Hoping this is the right place for this, if not, apologies. This might be a long one, but as a first post here, I'm trying to follow the rules and provide as much detail as is relevant/possible.
I'm not an incredibly experienced network admin, but was recently tasked with replacing our infrastructures core switch (A single WS-C3750X-24 ) with two 93180YC-FXs in a VPC configuration.
I was only assigned to this after the hardware had already been decided on and purchased and have since been communicating with the team that sold us the equipment in an attempt to make this work.
The intention was to have a redundant connection between this VPC domain and two Meraki MX400's (in HA using VRRP/Warm Standby/Active/Passive/Whatnot) acting as an gateway to our ISP - however I found that the Mx400's do not support LACP, which killed that idea shortly after. (LACP being a requirement to participate in connecting to a VPC as a member port, to my understanding.)
In an attempt to salvage the redundancy, it was suggested by our partner that we rely on spanning tree to properly block a portion of the connections between all four devices, with each uplink being an orphan port in the VPC.
It was discovered shortly after this that the MX400s do not actively participate in spanning tree - not having a lot of experience in this level of networking, it appears that they pass BPDUs but do not participate in the election process? (I'm sure this is incorrect to some level, but having trouble determining details.)
At this point, we decided to move forward with the replacement, but to only provide a single Nexus 9k with an uplink to the two MX400s at this time. This was an attempt to see if spanning tree from the switch could properly deal with the potential loop Between MXA, MXB, and 9kA.
This is where things got a bit odd.
I could see PVST+/RST frames coming across the LAN 2 port on the MX400-A and B, but both ports on the Nexus 9k were still listed as BKN* under a "show spanning-tree".

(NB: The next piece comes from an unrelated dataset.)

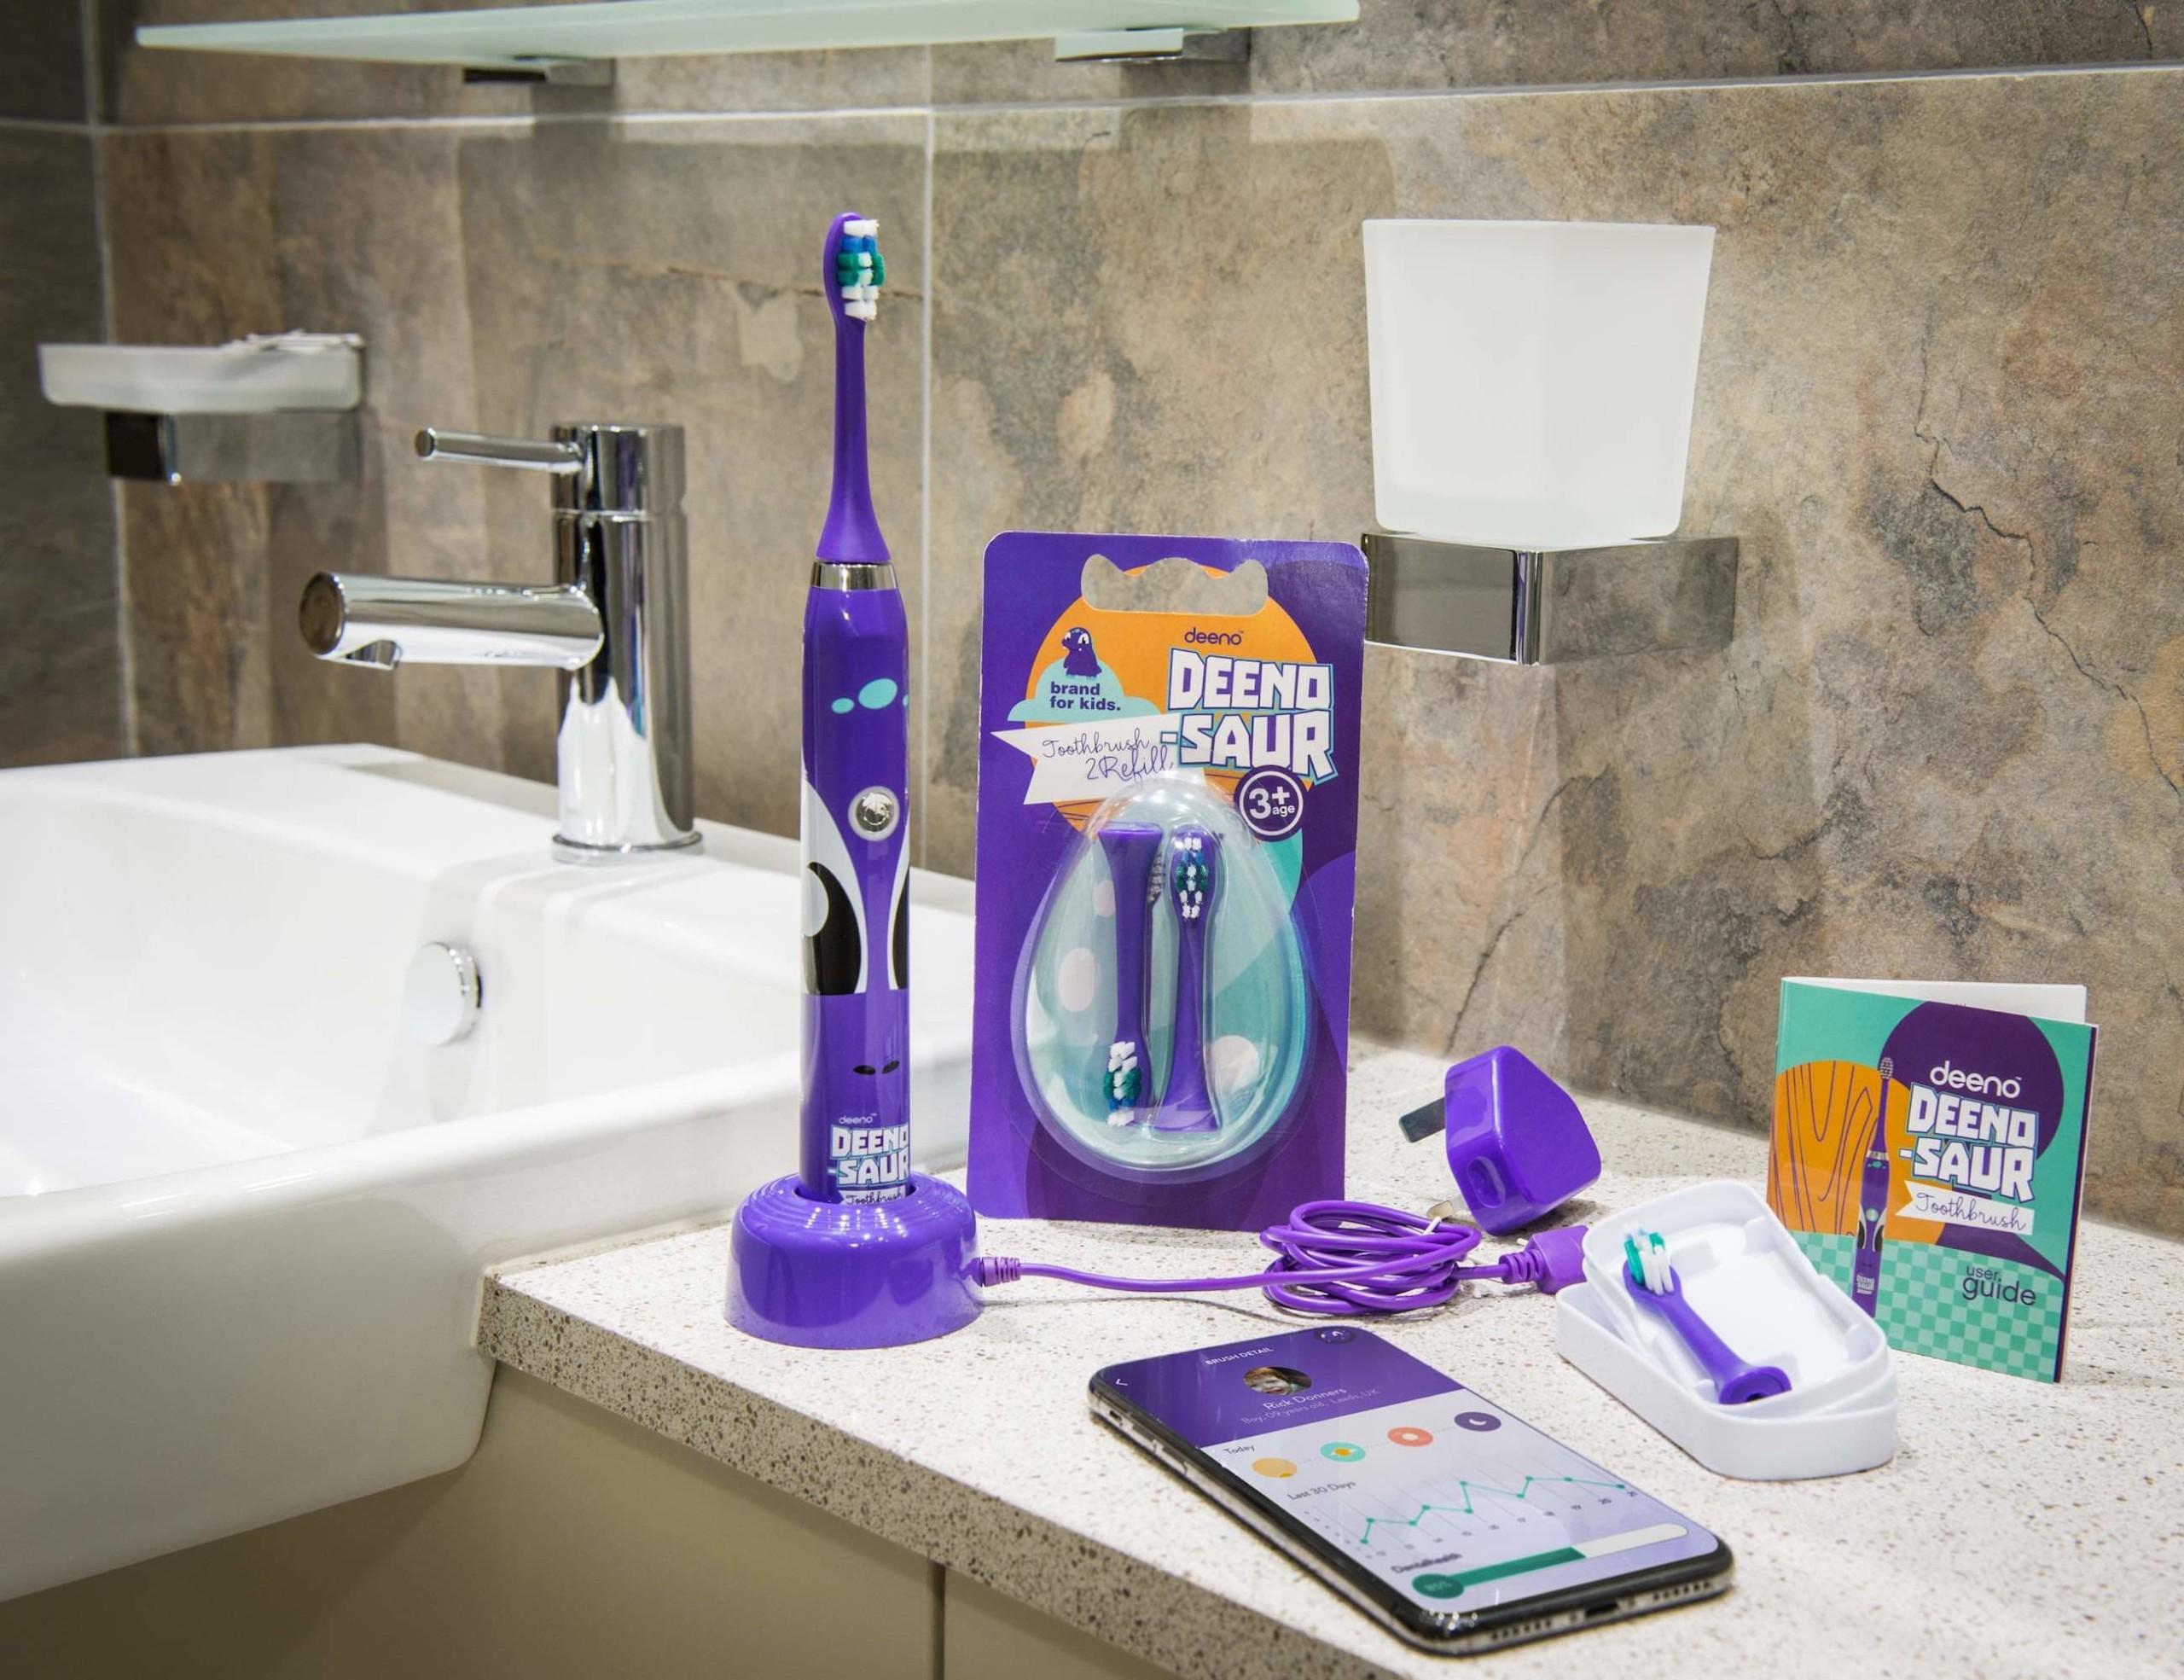 Deeno-saur Kids Smart Electric Toothbrush

So we trimmed everything back to just a single link between the MX400-A and the Nexus 9300-A.
At this point, connectivity was still not up and the same spanning tree frames were showing up in a packet capture off of the MX400's LAN port and the Nexus 9k port still shown as broken.

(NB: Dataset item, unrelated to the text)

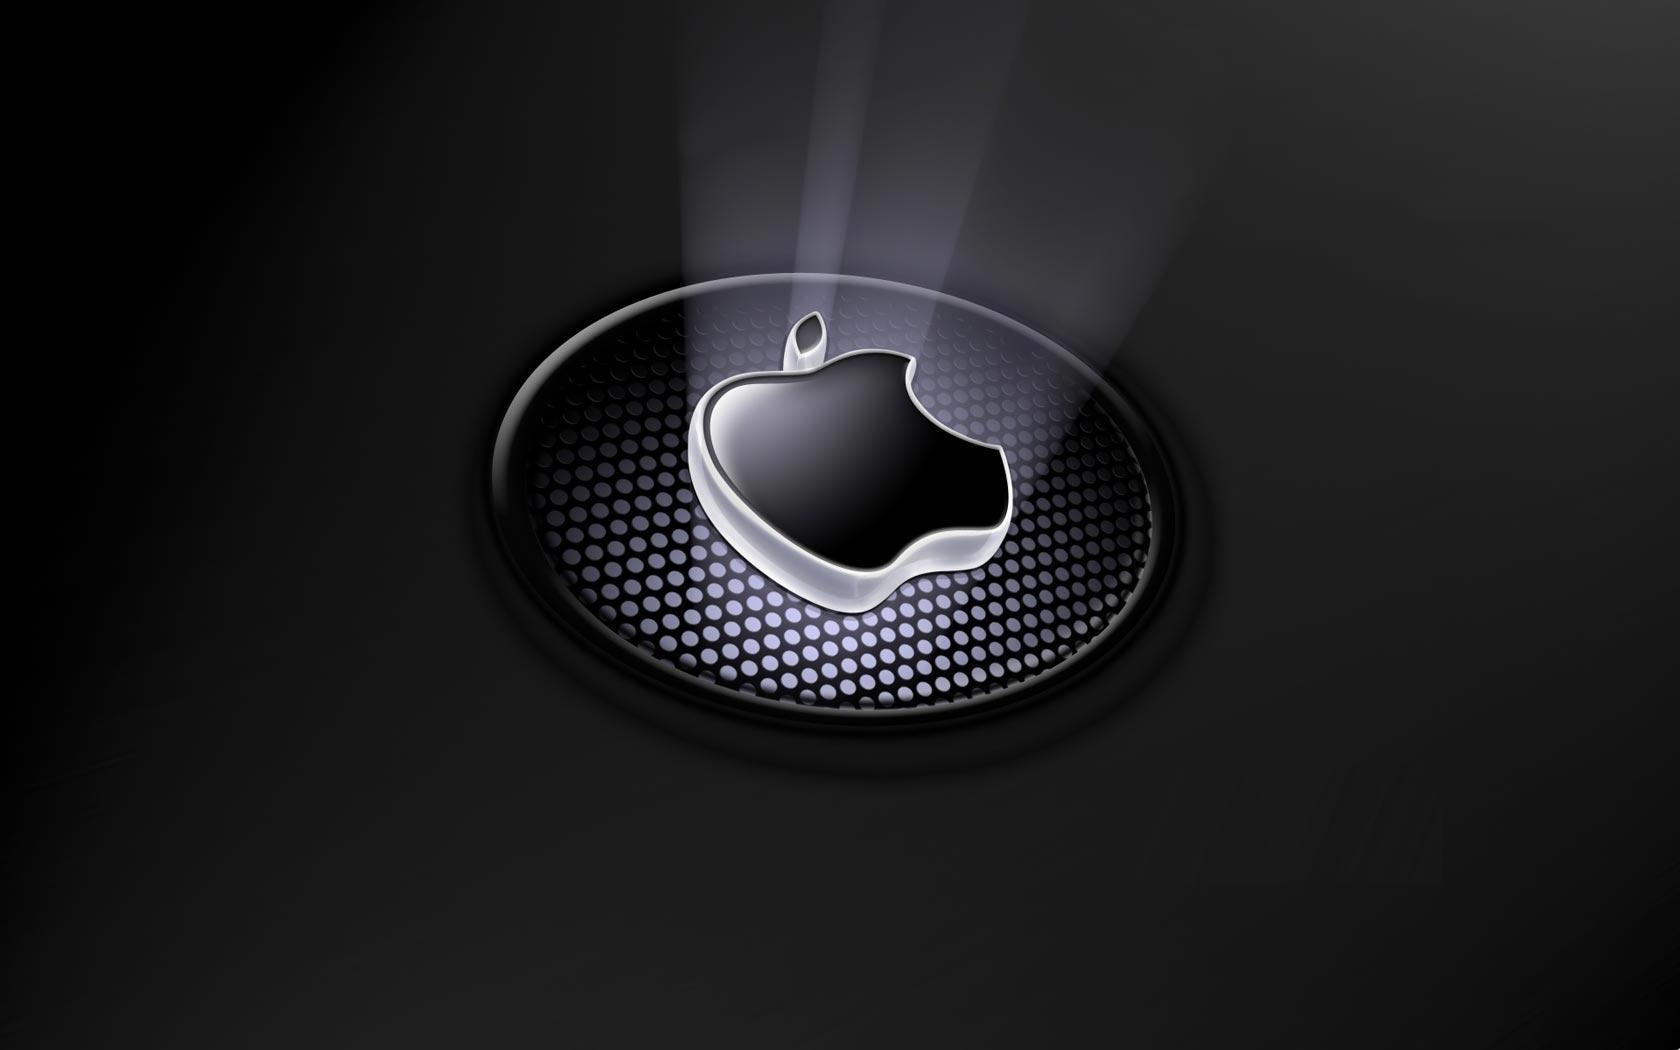 apple logo hd wallpapers group (77+)

During all of this, the VPC keep-alive and peer links were up and functioning, but not applied. (Just noting in case it's relevant)
"spanning-tree vlan [vlan-ids] root primary" was used to try and ensure that the switch was set as the root bridge.

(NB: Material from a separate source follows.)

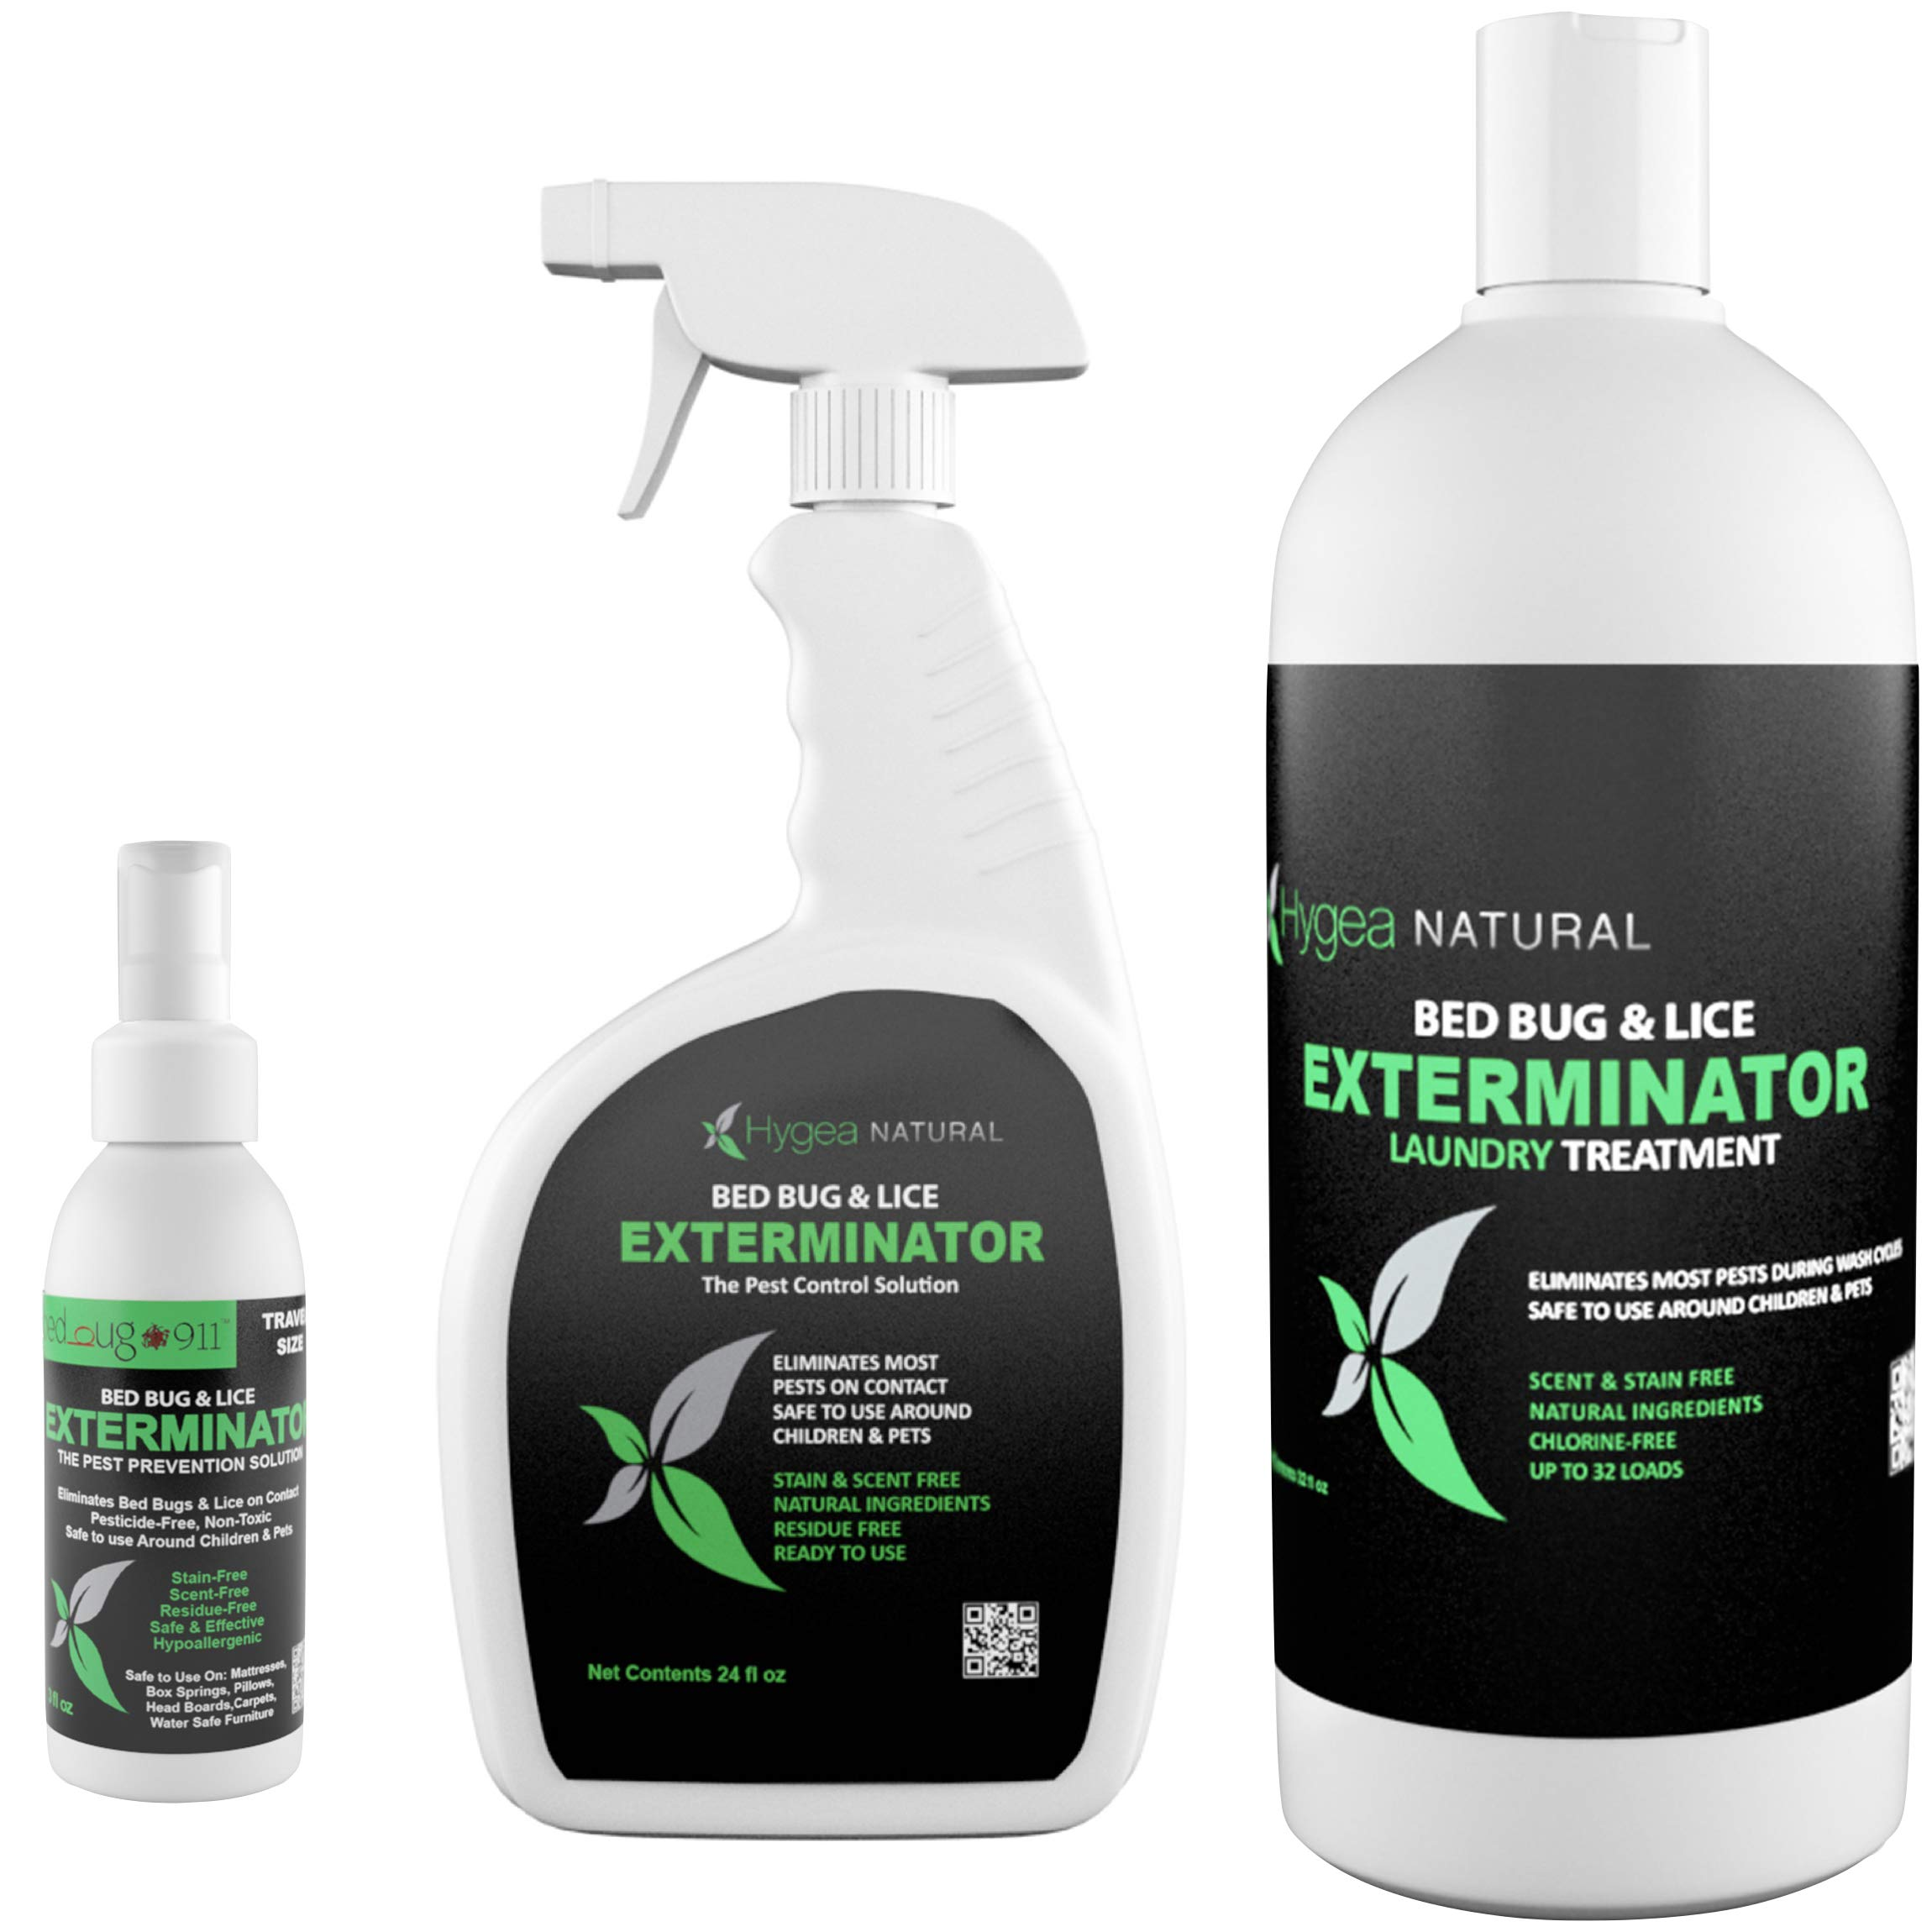 Hygea Natural Exterminator Combo Pack, Non Toxic Treatment, Natural Bugs & Lice Eradicator, Includes Spray 24 oz, Travel Spray 3 oz & Laundry Treatment 32 oz by Hygea Natural

Since this was my first attempt working with an NX-OS device, I'm sure it's something in the STP options on the 9300 that I'm missing, but I'm having trouble narrowing down what to do with these switches to make this uplink possible.
Copying some portions of the config below -
interface Ethernet1/47
description **Datacenter MX A**
switchport mode trunk
spanning-tree port type normal
no shutdown
interface Ethernet1/48
description **Datacenter MX B**
switchport mode trunk
spanning-tree port type normal
no shutdown
Core_9300_A# show spanning-tree summary
Switch is in rapid-pvst mode
L2 Gateway STP is disabled
Port Type Default is network
Edge Port [PortFast] BPDU Guard Default is disabled
Edge Port [PortFast] BPDU Filter Default is disabled
Bridge Assurance is enabled
Loopguard Default is disabled
Pathcost method used is short
STP-Lite is disabled
At the moment everything has been rolled back to the 3750, so I'm unable to gather live information for troubleshooting any further.
Are there any other portions of the nx-os config that may help with troubleshooting before attempting another migration?
If anyone can offer any assistance or insight into this on either the Meraki MX or Nexus side it would be greatly appreciated.